Friday, January 15, 2010

In the final chapter of their book, Breast Cancer - The Complete Guide, doctors Yashar Hirshaut and Peter I. Pressman address the social issues of breast cancer. I’ve excerpted a few of their observations in today’s blog because they speak to my heart.

The authors open the chapter with these questions: “If, as we have learned, one out of eight women in America will develop breast cancer during her lifetime, why aren’t we doing more about it? Why isn’t this a primary national concern? Why aren’t more effort and more money being put into the problem?”

According to the authors, in 2003 the National Cancer Institute (NCI) had a budget of $536 million for breast cancer research, and the Department of Defense (DOD) allocation was $150 million. Since then the NCI’s budget has increased only slightly and the DOD allocation has dipped. “Despite the significant funds (for breast cancer research) it remains under funded . . . Each year, innovative research proposals are submitted to the NCI for approval. Of those accepted as worthy of support, there is at present only enough money to fund twenty percent. Each grant not funded represents an opportunity lost.”

The role that exposure to toxic agents in our environment may play in causing breast cancer is attracting scientific interest and funding.
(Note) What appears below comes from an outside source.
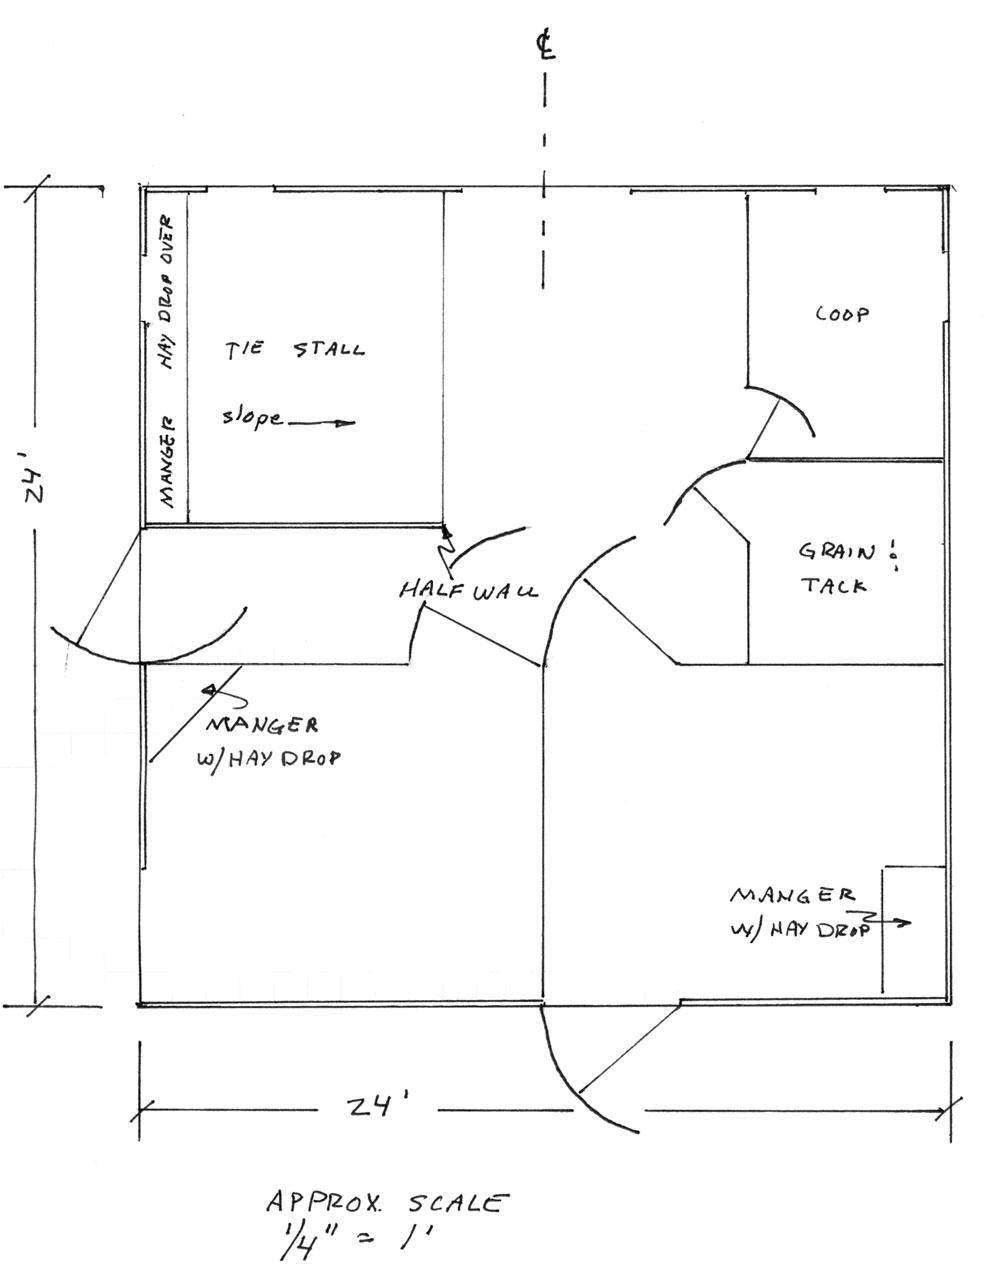 wrg 2833 horse barn wiring diagram. Black Bedroom Furniture Sets. Home Design Ideas

According to the authors, one causative factor being reinvestigated is a “possible link between breast cancer and insecticide residues that may have entered the food chain and water supply.”

The authors, whose book was published in 2008, had this to say about mammography. “More women than ever are aware of the importance of following an early-detection screening plan: regular mammograms supplemented by breast self-examination and an annual examination by a physician. The proportion of women over forty who get regular mammograms has increased, but we still have not reached all women who should be screened.”

According to the doctors, breast cancer research should have “higher government priorities for funding.” The National Breast Cancer Coalition, headquartered in Washington, D.C., is especially effective in articulating the need for public action. Also effective are the efforts of the Susan G. Komen Foundation in Dallas, Texas, which has become a “major nongovernmental source of breast cancer research funding.” The foundation’s website can be found at: http://www.komen.org

Doctors Yashar Hirshaut and Peter I. Pressman question whether we, as a nation, have the commitment to eradicate breast cancer. “Certainly women have it . . . women who have had breast cancer . . . or whose close friends or relatives have had it. And if we add to that number the men whose wives and sisters and girlfriends and mothers have had the disease . . . it means that a very large proportion of our population has a stake in a national determination to beat breast cancer. Whether we can mobilize to achieve this goal remains to be seen.”